_About this task_: A faithful copy is required. Print each line of the data exactly and omit the pictures.

_Material provided_:
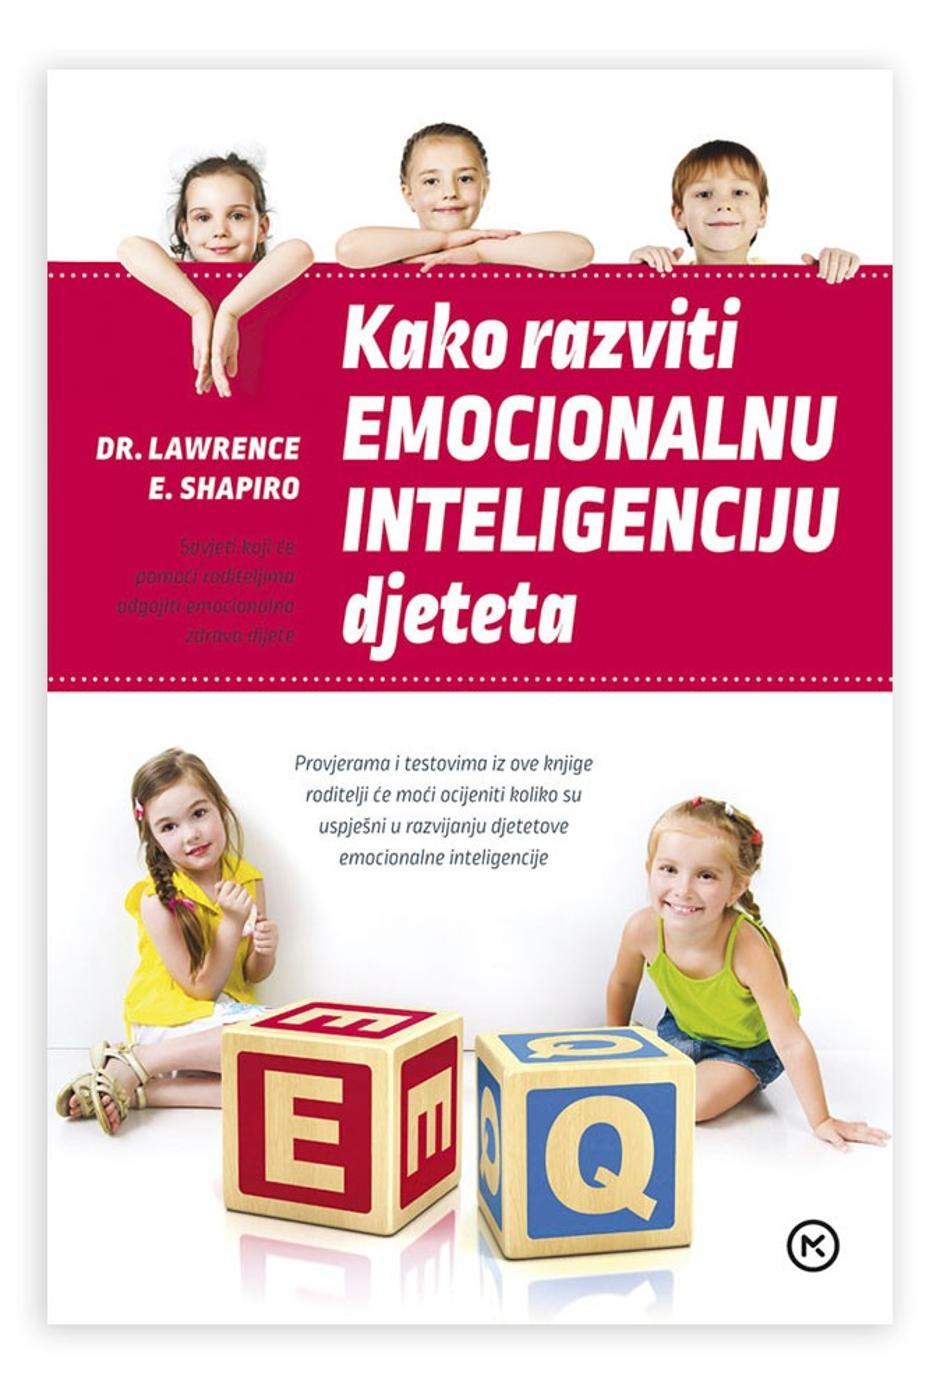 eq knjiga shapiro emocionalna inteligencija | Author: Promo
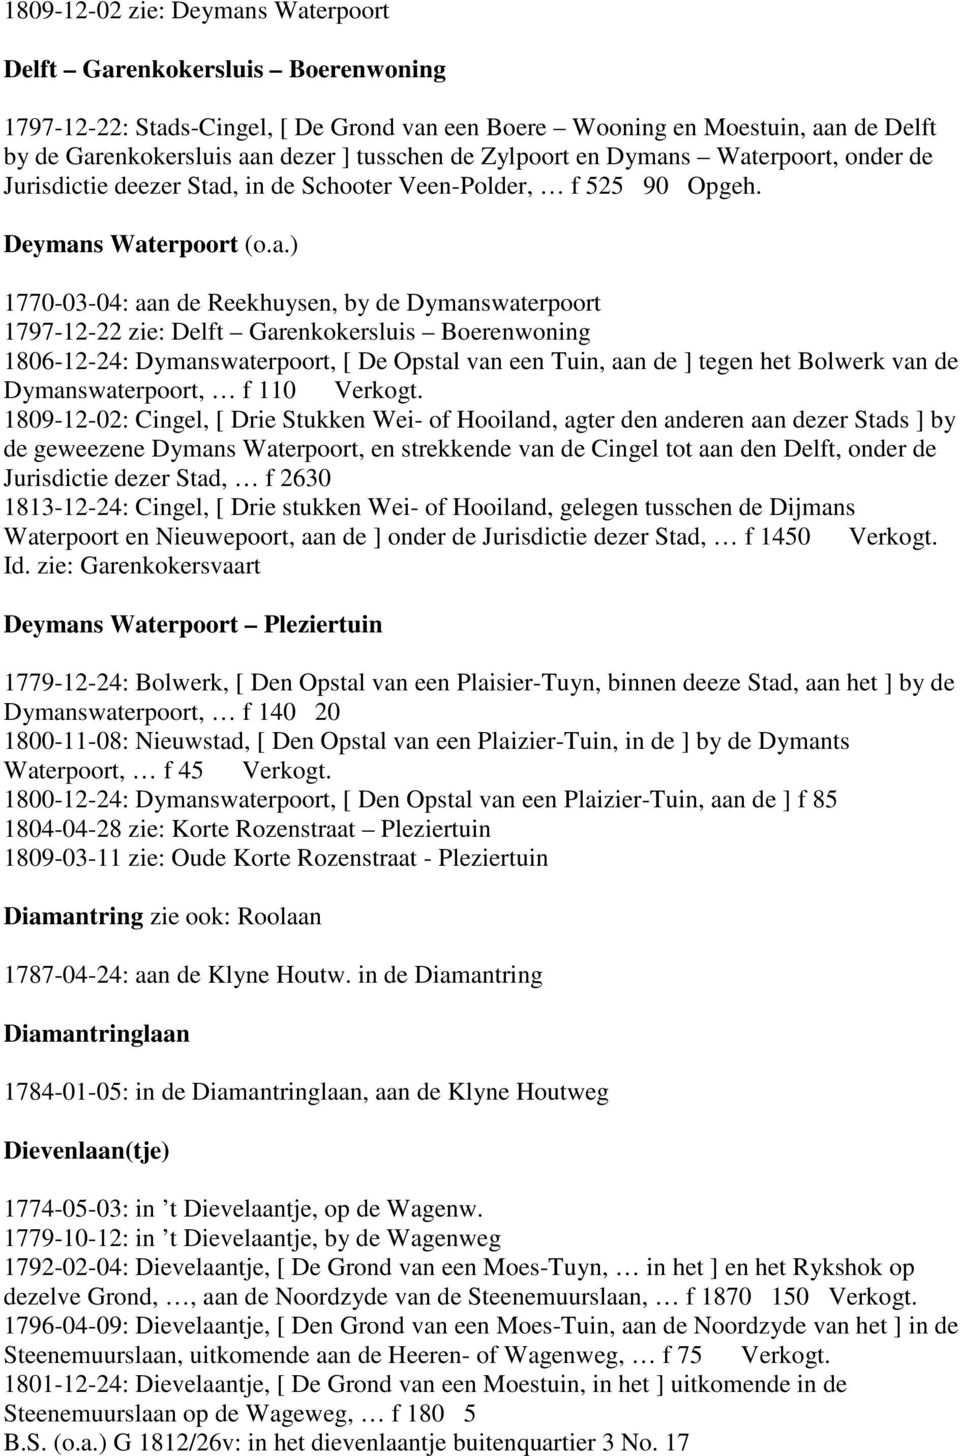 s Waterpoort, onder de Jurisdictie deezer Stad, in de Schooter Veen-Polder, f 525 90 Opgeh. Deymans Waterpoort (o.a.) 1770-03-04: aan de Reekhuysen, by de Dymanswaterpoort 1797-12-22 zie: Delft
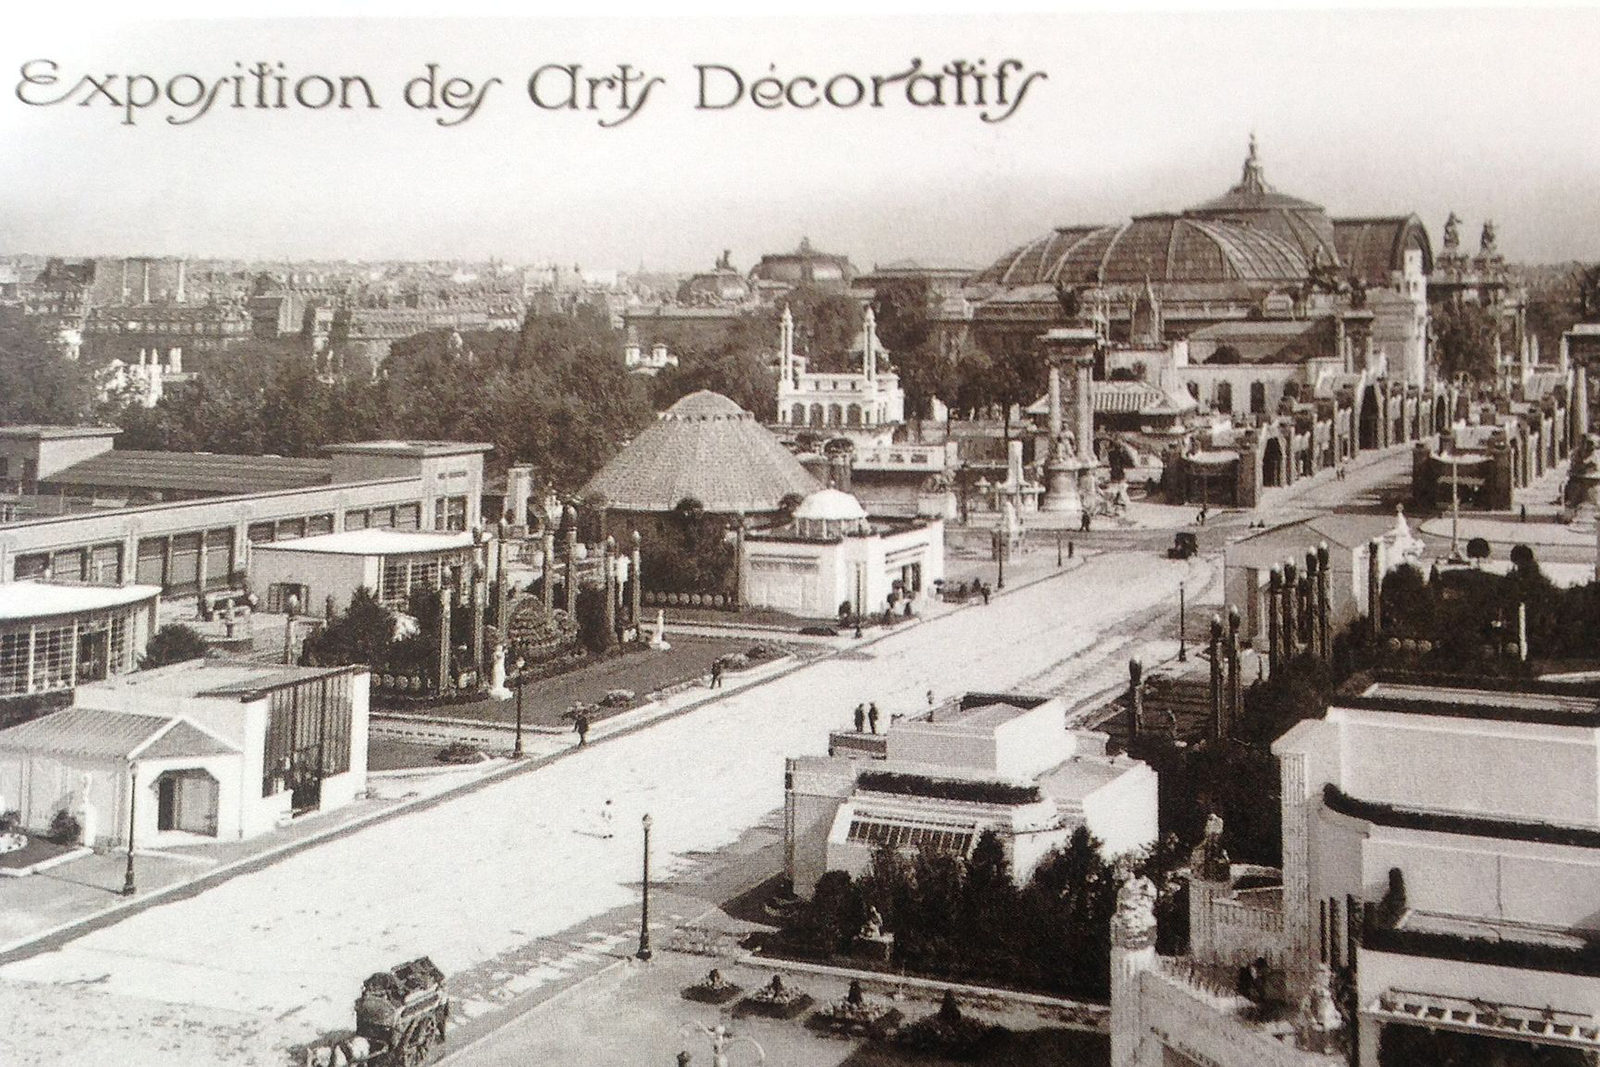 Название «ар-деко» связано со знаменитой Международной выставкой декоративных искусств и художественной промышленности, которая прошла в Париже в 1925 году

_Output for this task_:
 eq knjiga shapiro emocionalna inteligencija | Author: Promo
 s Waterpoort, onder de Jurisdictie deezer Stad, in de Schooter Veen-Polder, f 525 90 Opgeh. Deymans Waterpoort (o.a.) 1770-03-04: aan de Reekhuysen, by de Dymanswaterpoort 1797-12-22 zie: Delft
 Название «ар-деко» связано со знаменитой Международной выставкой декоративных искусств и художественной промышленности, которая прошла в Париже в 1925 году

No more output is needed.